Microsoft AI, the tech giant’s research lab, announced the release of three foundational AI models on Thursday that can generate text, voice, and images. This release signals Microsoft’s continued push to build out its own stack of multimodal AI models and compete with rival AI labs, even though it remains tied to OpenAI.
MAI-Transcribe-1 transcribes speech across 25 different languages into text and is 2.5 times faster than Microsoft’s Azure Fast offering, according to a company press release. MAI-Voice-1 is an audio-generating model, enabling users to generate 60 seconds of audio in one second and create a custom voice.
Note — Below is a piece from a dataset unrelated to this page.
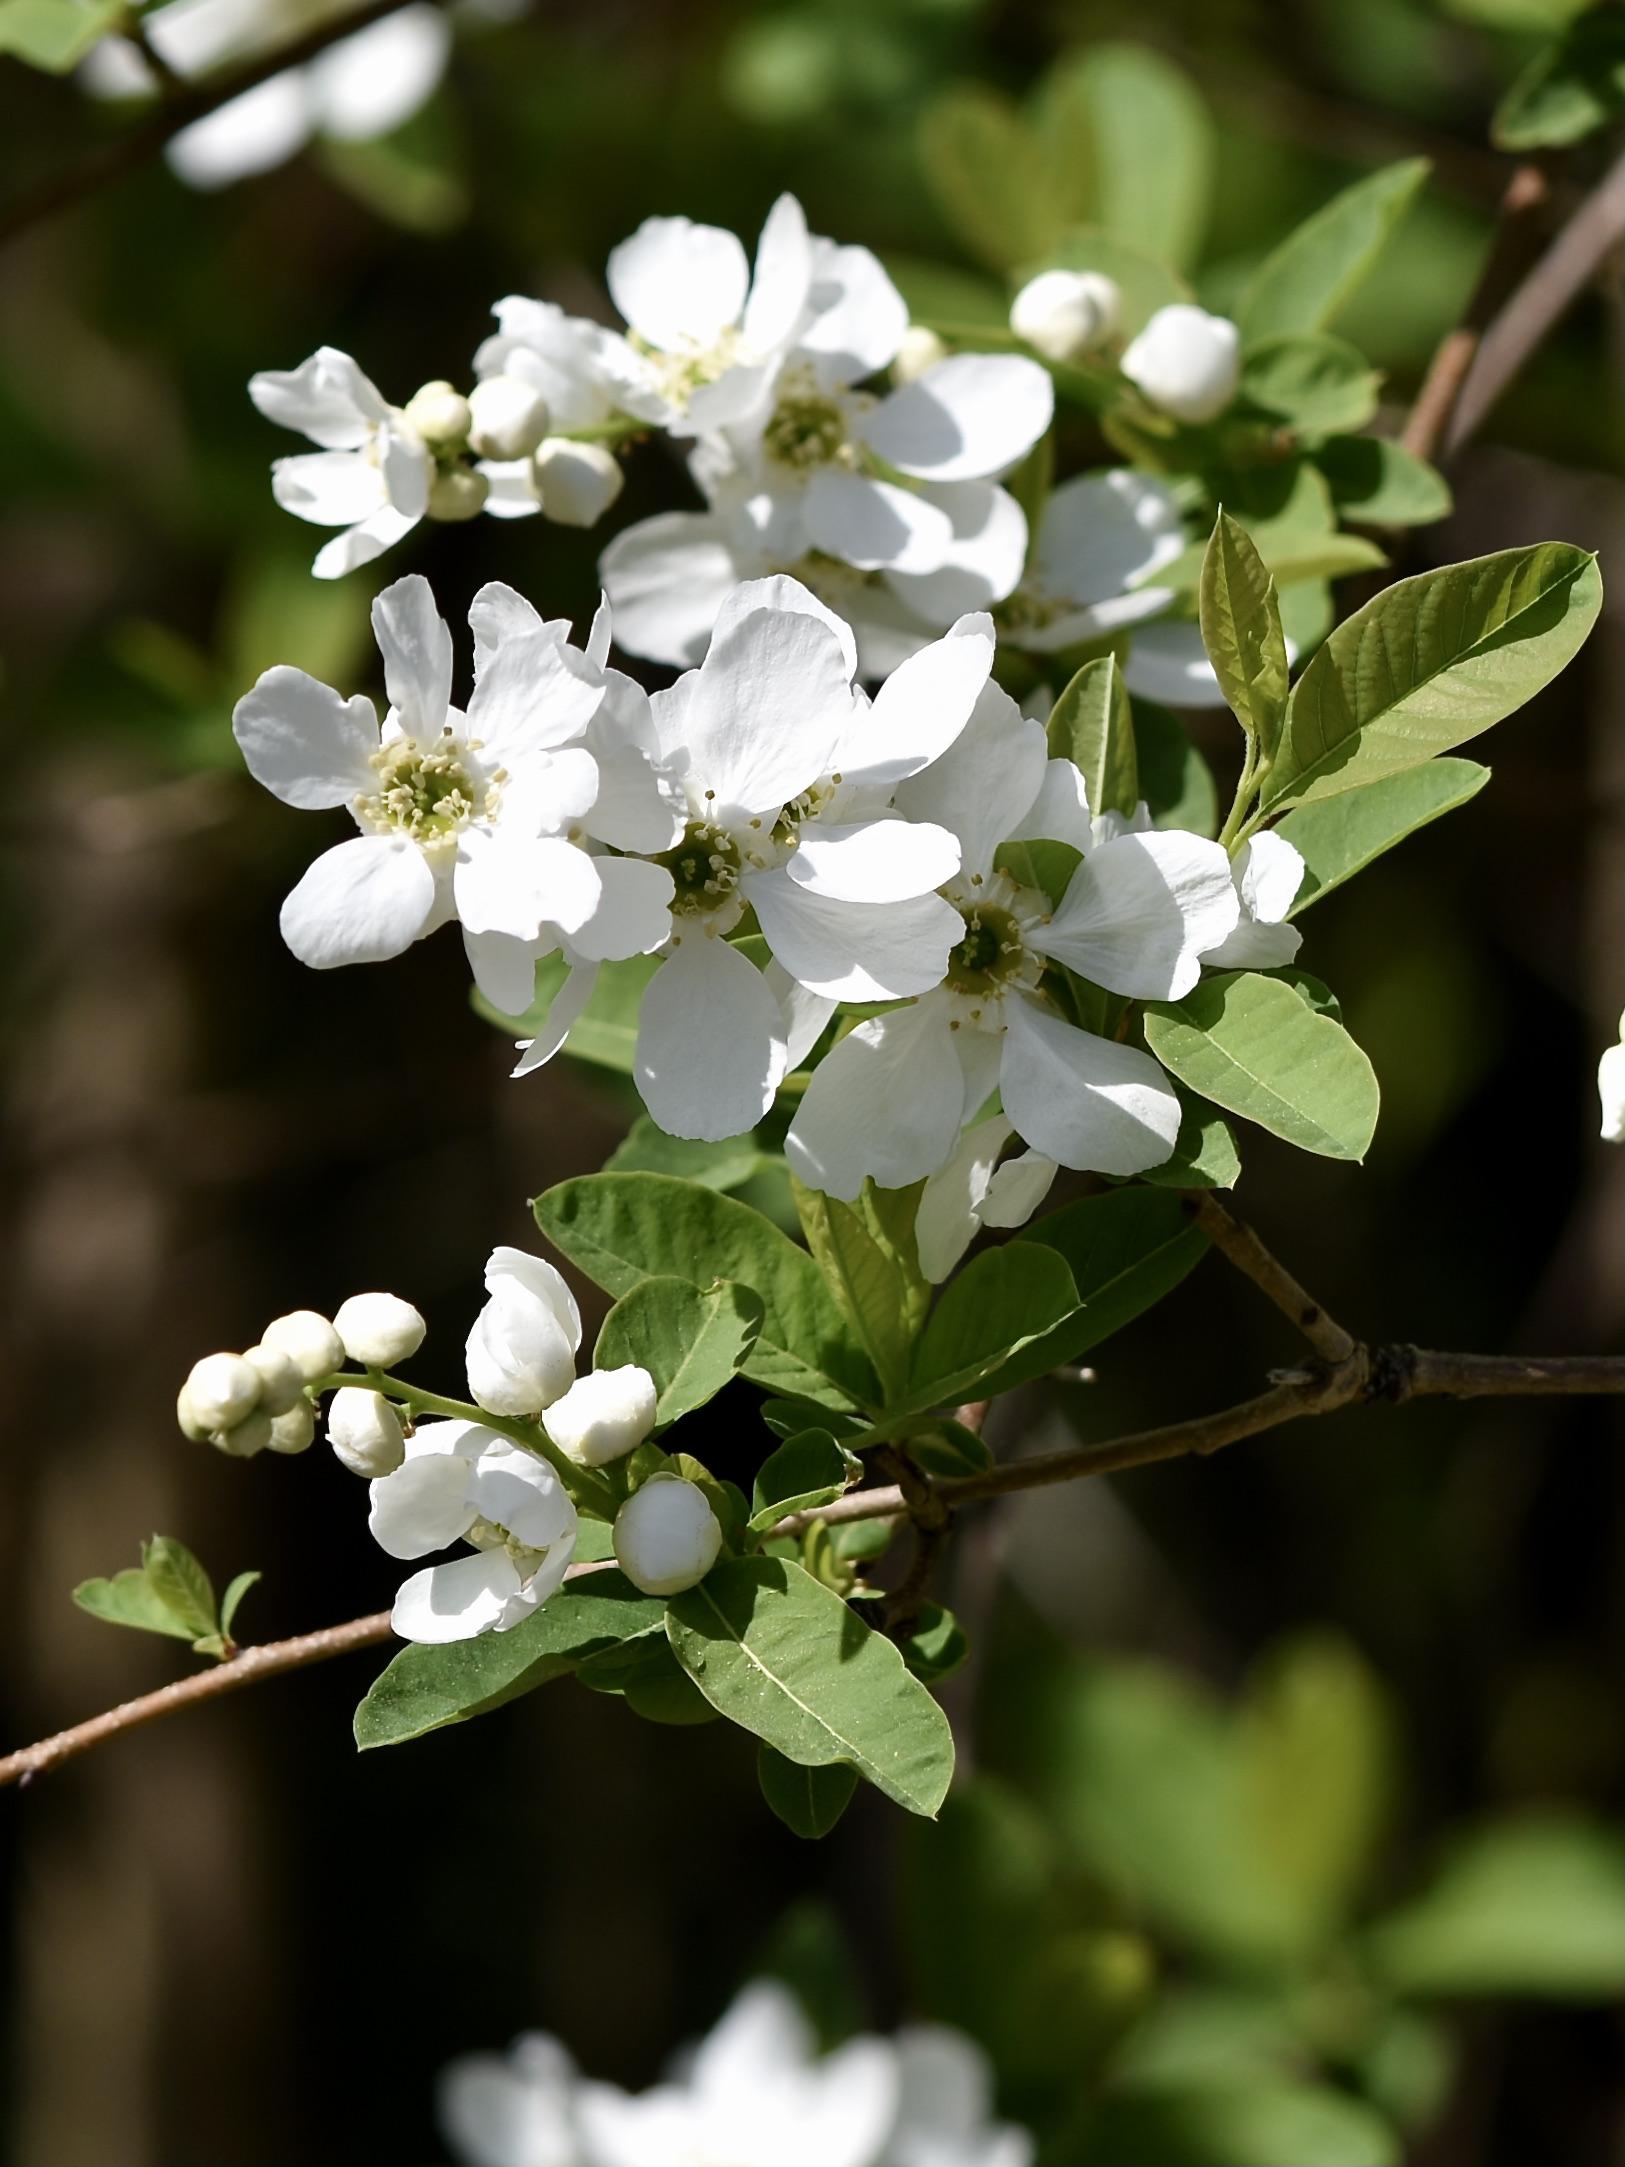 white flowers with olive center, off-white stamens, olive-green leaves and brown branches

Meanwhile, MAI-Image-2 is a video-generating model.
MAI-Image-2 was originally released on MAI Playground, a new large language model testing software, on March 19. Now, all three models are being released on Microsoft Foundry, with the transcription and voice models also available in MAI Playground.
The models were developed by Microsoft’s MAI Superintelligence team, led by Mustafa Suleyman, CEO of Microsoft AI, which was formed and announced in November 2025.
“At Microsoft AI, we’re building Humanist AI. We have a distinct view when creating our AI models—putting humans at the center, optimizing for how people actually communicate, training for practical use,” Suleyman wrote in the blog post. “You’ll see more models from us soon in Foundry and directly in Microsoft products and experiences.”
In an increasingly crowded LLM market, MAI aims to provide a compelling case for its new models by offering them at a lower cost compared to those from Google and OpenAI. For instance, MAI-Transcribe-1 starts at $0.36 per hour, while MAI-Voice-1 starts at $22 per 1 million characters, and MAI-Image-2 starts at $5 for 1 million tokens for text input and $33 for 1 million tokens for image output.
Despite the new releases, Suleyman reaffirmed Microsoft’s commitment to its partnership with OpenAI in an interview with VentureBeat. Recent negotiations allowed Microsoft to pursue this superintelligence research, indicating a strategic alignment with OpenAI that remains critical for their collaborative efforts.
Microsoft’s substantial investment of over $13 billion into the AI research lab serves as a testament to its long-term goals. The company continues to integrate its AI innovations across various products, highlighting its dual strategy of developing in-house capabilities while leveraging partnerships.
Strategic Impact on Business Automation
The introduction of Microsoft’s new foundational AI models illustrates a significant leap forward within the tech industry, particularly for business automation. Organizations looking to improve efficiency through AI-driven solutions now have access to powerful tools capable of transcribing speech, generating custom voice content, and creating visual media at an unprecedented scale.
For developers, this evolution represents an opportunity to build applications incorporating these capabilities, potentially transforming how businesses engage with customers and streamline operations. The models’ competitive pricing may enable smaller firms to utilize high-quality AI solutions previously accessible only to larger enterprises.
For business owners, the advent of versatile AI tools means they can enhance productivity and reduce operational costs by automating time-consuming tasks such as transcribing meetings and generating engaging marketing materials. Businesses that capitalize on these technologies could establish themselves at the forefront of their respective industries, leveraging advanced AI to achieve scalability and improve customer experiences.
In the broader AI ecosystem, these developments might encourage increased competition and innovation. As Microsoft positions itself against established players like OpenAI and Google, industry-wide pressure to enhance performance, reduce costs, and improve accessibility could ultimately benefit consumers and businesses alike.